A cross product is written in tensor notation using the alternating tensor (also called the permutation tensor), $$\epsilon_{ijk}$$, as follows

$c_i = \epsilon_{ijk} a_j b_k$
where $$\epsilon_{123} = \epsilon_{231} = \epsilon_{312} = 1$$, while $$\epsilon_{321} = \epsilon_{213} = \epsilon_{132} = -1$$, and all other combinations equal zero. Summation of the $$j$$ and $$k$$ indices from 1 to 3 is implied because they are repeated as subscripts in the above equation. In other words, it is shorthand for

$\matrix { c_i \; = \; \epsilon_{ijk} a_j b_k & = & \epsilon_{i11} a_1 b_1 & + & \epsilon_{i12} a_1 b_2 & + & \epsilon_{i13} a_1 b_3 & + & \\ & & \epsilon_{i21} a_2 b_1 & + & \epsilon_{i22} a_2 b_2 & + & \epsilon_{i23} a_2 b_3 & + & \\ & & \epsilon_{i31} a_3 b_1 & + & \epsilon_{i32} a_3 b_2 & + & \epsilon_{i33} a_3 b_3 }$
The equation is still general until a particular component is chosen for $$i$$ to be evaluated.

### Cross Products Using Tensor Notation

Set $$i = 3$$ to obtain the zth component of a cross product.

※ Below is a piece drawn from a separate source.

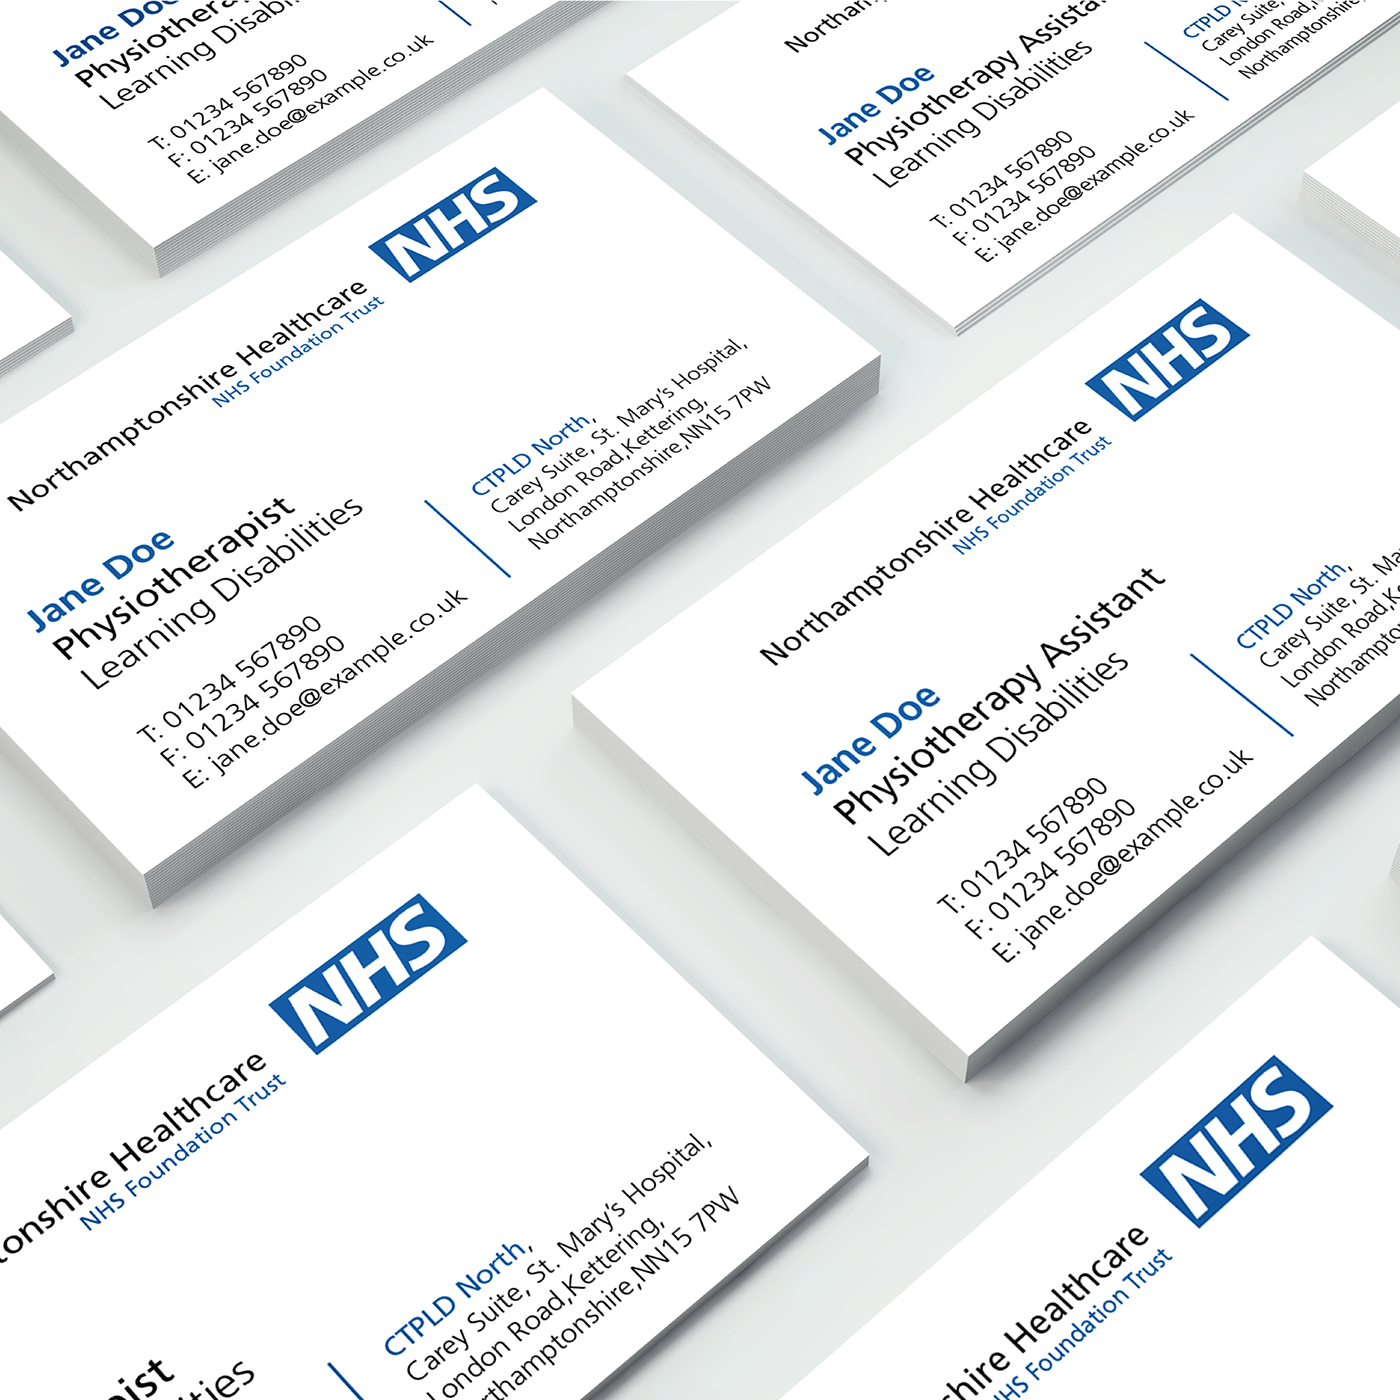 Business Cards graphic design

$\matrix { c_3 \; = \; \epsilon_{3jk} a_j b_k & = & \epsilon_{311} a_1 b_1 & + & \epsilon_{312} a_1 b_2 & + & \epsilon_{313} a_1 b_3 & + & \\ & & \epsilon_{321} a_2 b_1 & + & \epsilon_{322} a_2 b_2 & + & \epsilon_{323} a_2 b_3 & + & \\ & & \epsilon_{331} a_3 b_1 & + & \epsilon_{332} a_3 b_2 & + & \epsilon_{333} a_3 b_3 }$
All subscripts are now specified, and this permits evaluation of all alternating tensor components. All of them will equal zero except two. This leaves

$c_3 \; = \; \epsilon_{3jk} a_j b_k \; = \; a_1 b_2 - a_2 b_1$
which is consistent with the determinant result (as it had better be). Results for the xth and yth components are obtained by setting $$i$$ equal to 1 and 2, respectively.

### Applications

Cross products have applications in the areas of moments, rotations, and area calculations. The moment, $${\bf M}$$, of a force is $${\bf r} \times {\bf F}$$. This is written in tensor notation as

$M_i = \epsilon_{ijk} r_j F_k$
Likewise, the velocity, $${\bf v}$$, of a point due to an angular rotation rate, $${\bf \omega}$$, is $${\bf \omega} \times {\bf r}$$. In tensor notation, this is

$v_i = \epsilon_{ijk} \omega_j r_k$
And finally, the area of a triangle bounded on two sides by vectors $${\bf a}$$ and $${\bf b}$$ is

$Area = {1 \over 2} | \; {\bf a} \times {\bf b}|$
In tensor notation, this is written in two steps as

$c_i = \epsilon_{ijk} a_j b_k \quad \quad \quad \text{and} \quad \quad \quad Area = {1 \over 2} \sqrt{c_i c_i}$
or in a single equation as

$Area = {1 \over 2} \sqrt{ \epsilon_{ijk} a_j b_k \epsilon_{imn} a_m b_n }$

### Order of Factors in Tensor Notation

Tensor notation allows for increased flexibility of the order in which factors are written than is permitted in vector notation. For example, $${\bf a} \times {\bf b}$$ is not equal to $${\bf b} \times {\bf a}$$, although they are closely related. In contrast $$\epsilon_{ijk} a_j b_k$$ equals $$\epsilon_{ijk} b_k a_j$$ equals $$a_j b_k \epsilon_{ijk}$$ because the order of operation is dictated by the indices rather than the order the factors are written in. So in the above discussion, $$\epsilon_{ijk} a_j b_k \epsilon_{imn} a_m b_n$$ could also be written as $$\epsilon_{ijk} \epsilon_{imn} a_j b_k a_m b_n$$. It is simply a matter of personal preference.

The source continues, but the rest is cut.